STORED DATA Start Marker

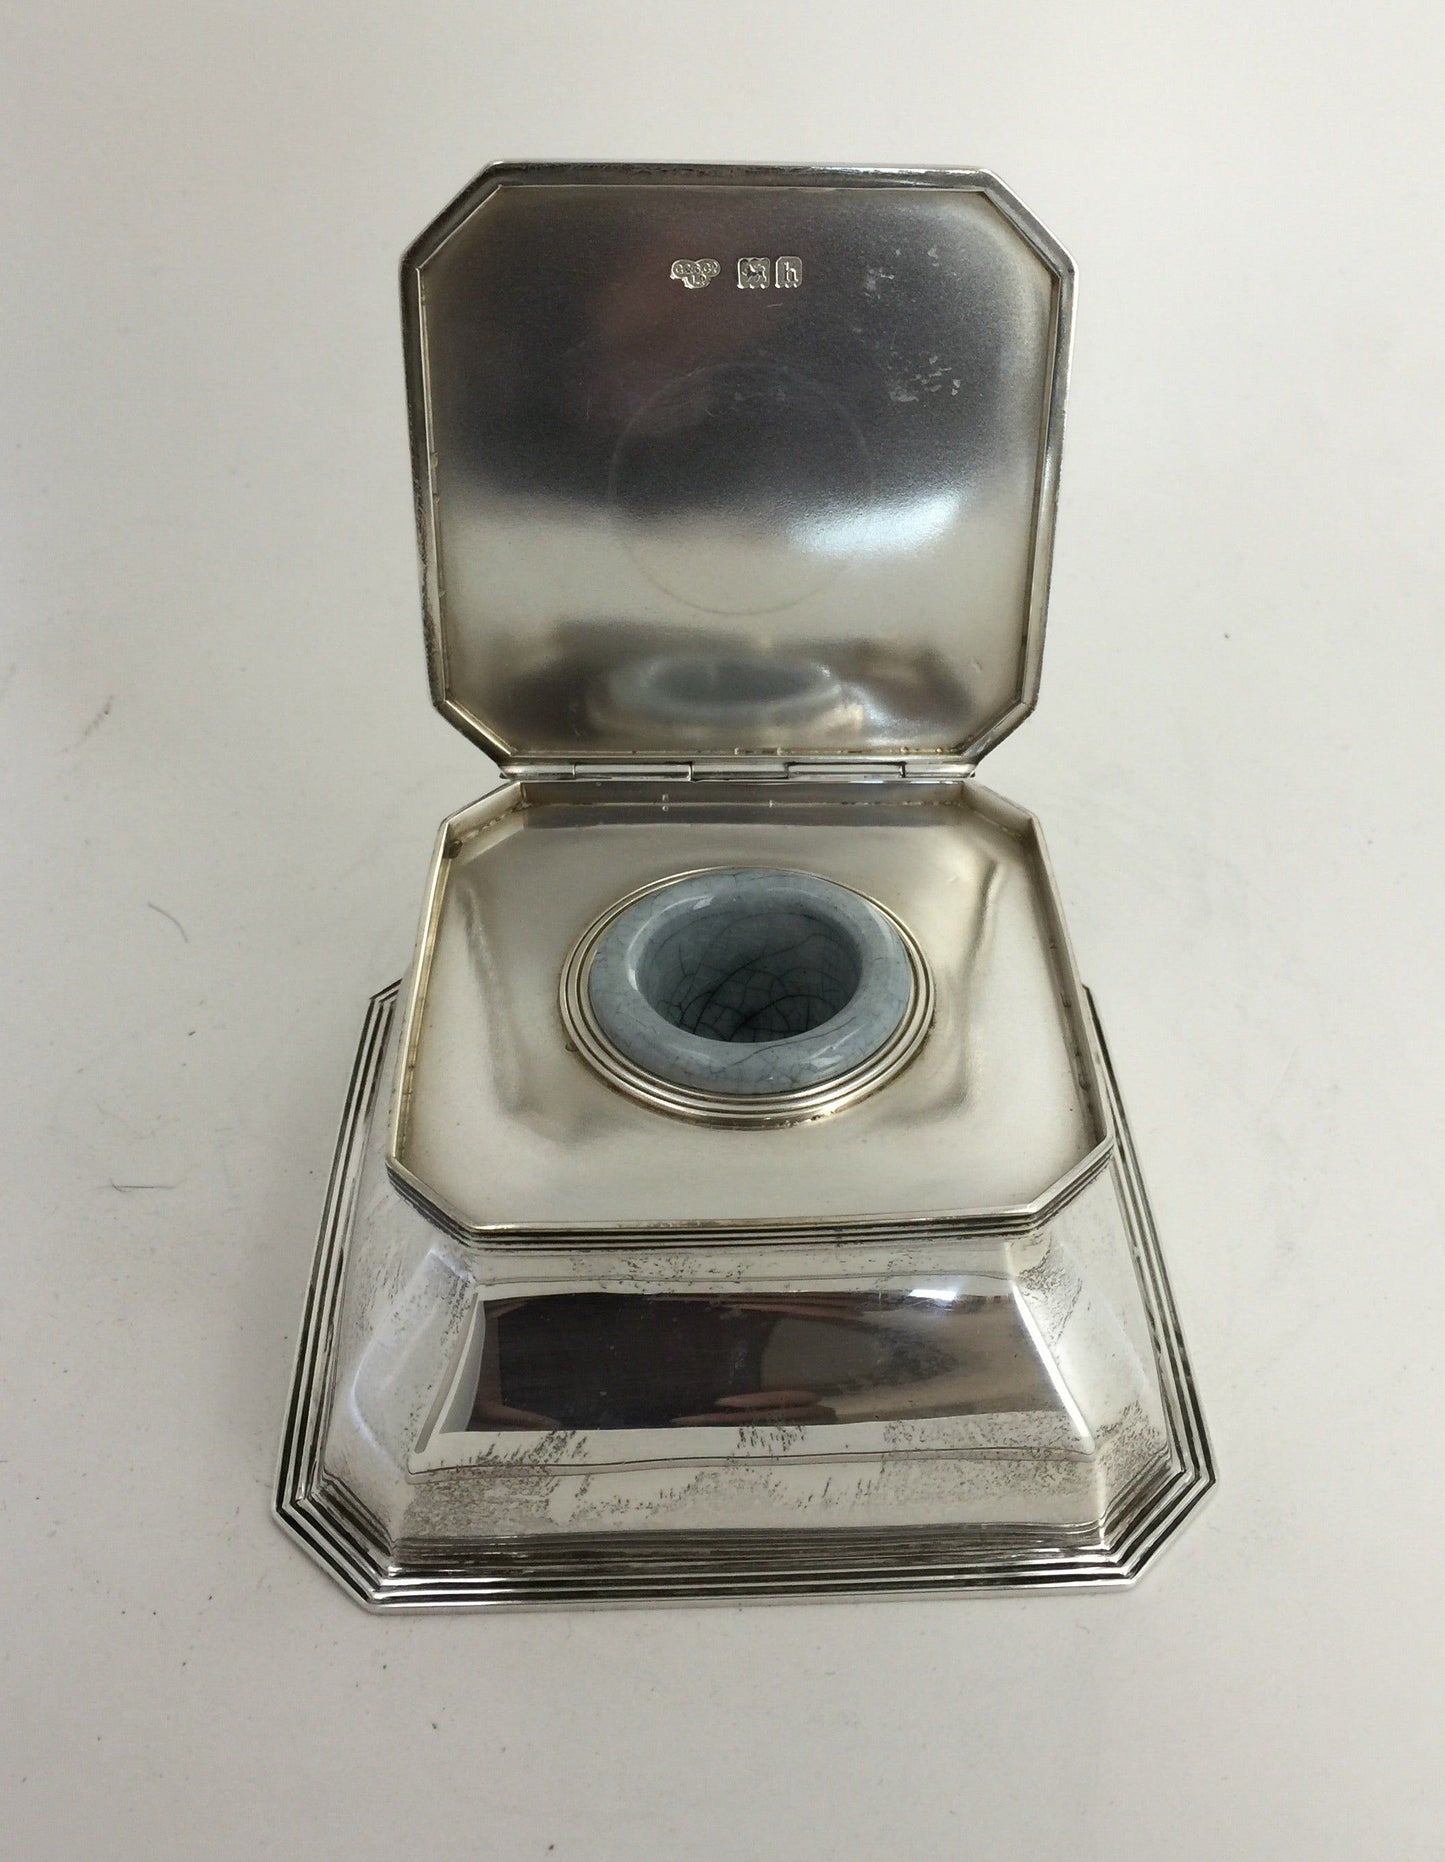 English Silver Inkwell, Stamped Goldsmiths and Silversmiths Company
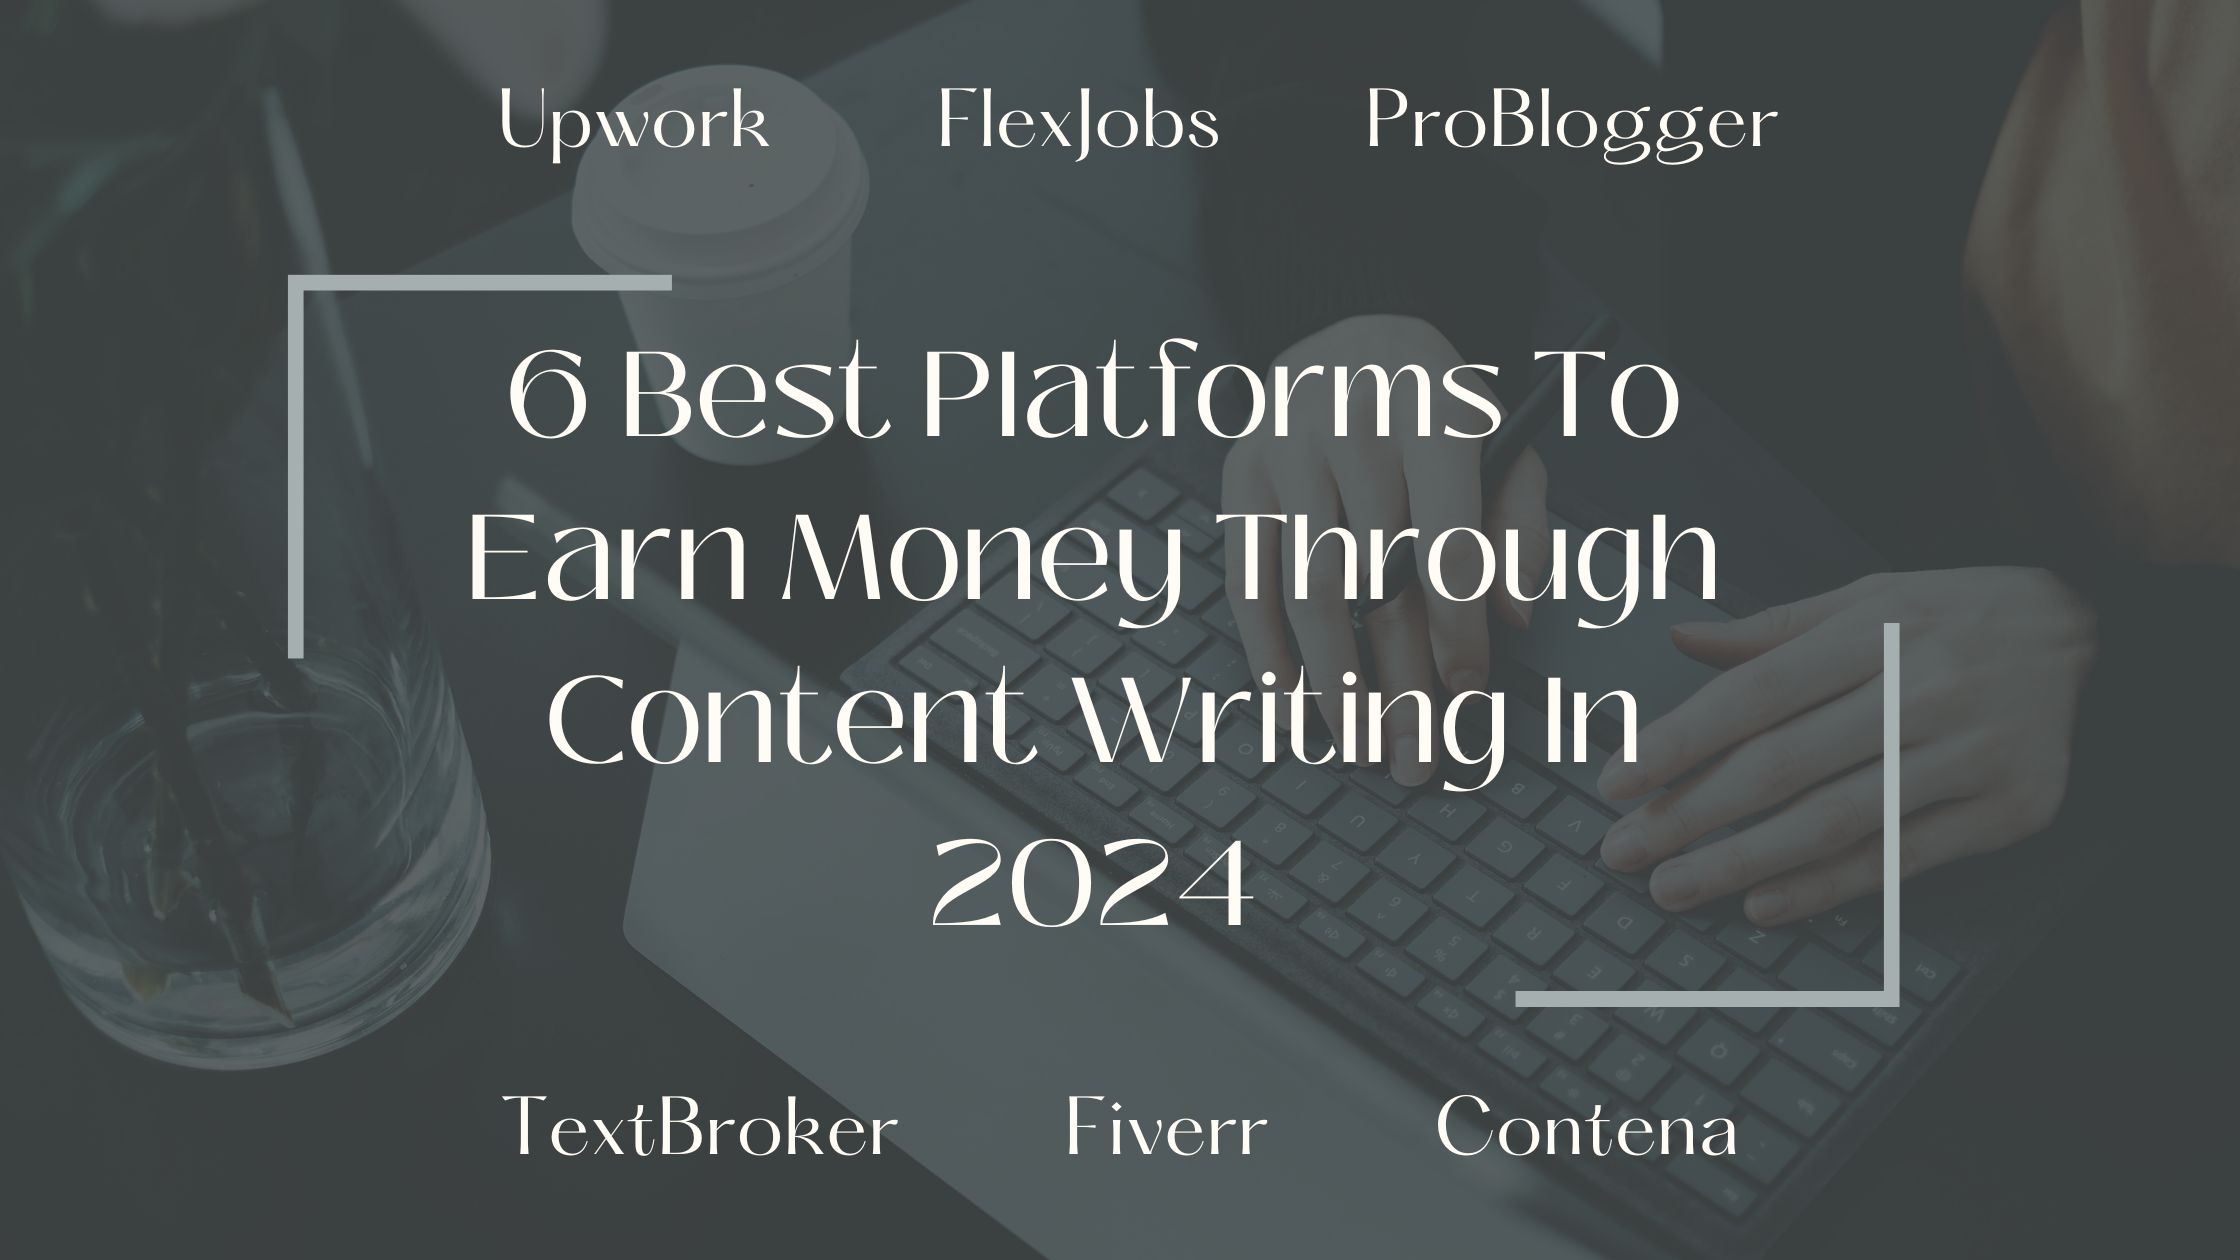 Platforms To Earn Money Through Content Writing
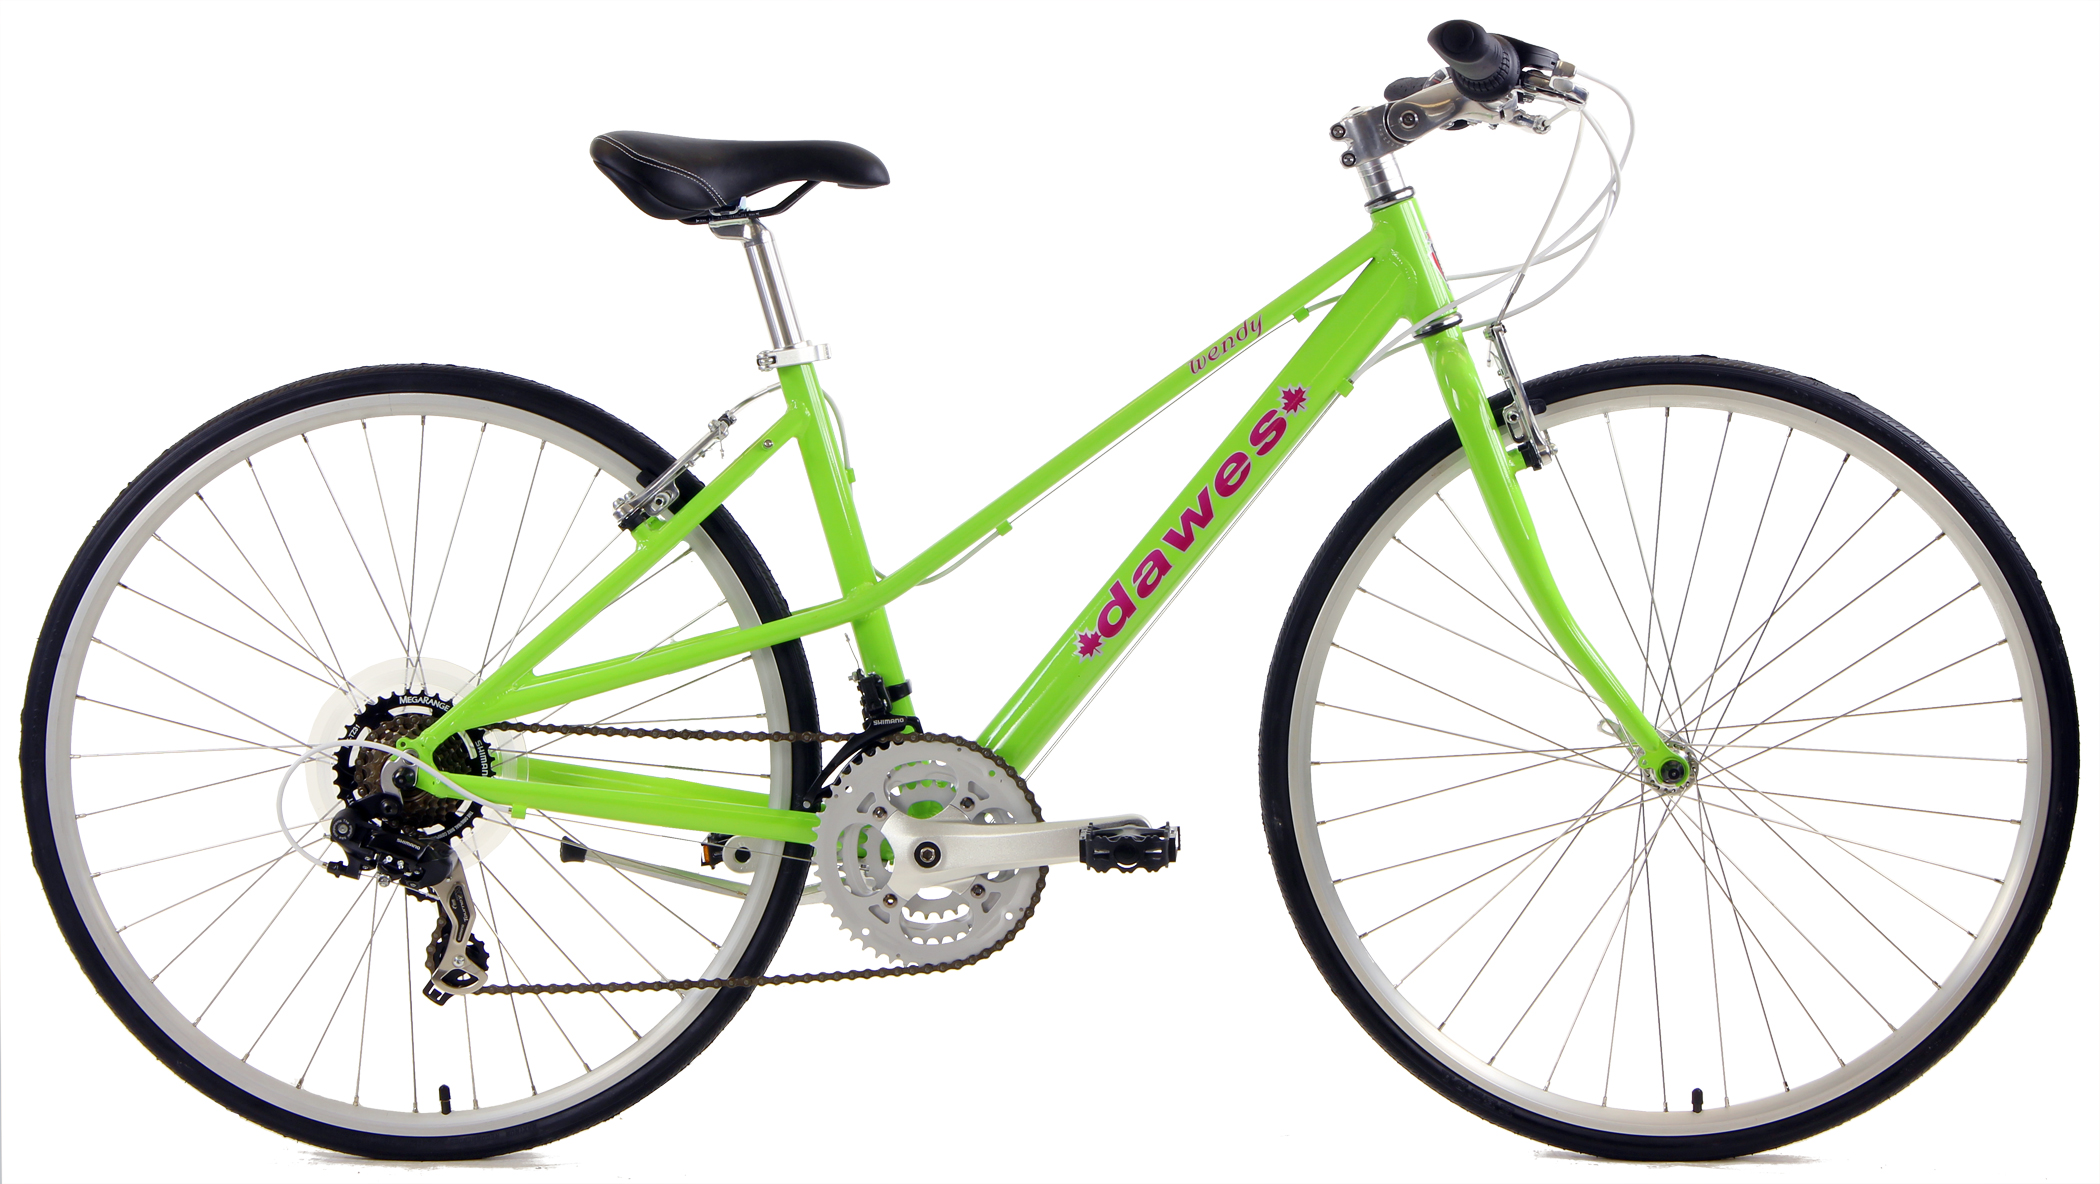 Save Up to 60% Off Womens Hybrid City Bikes - Dawes Wendy Women Specific Flat Bar, Hybrid Road Bikes

STORED DATA End Marker

Quote, please, only the lines running from the one with "Platforms To Earn" down to the final line of the data above, keeping both ends and skipping the pictures.

REPLY TO THE TASK ▸
 Platforms To Earn Money Through Content Writing
 Save Up to 60% Off Womens Hybrid City Bikes - Dawes Wendy Women Specific Flat Bar, Hybrid Road Bikes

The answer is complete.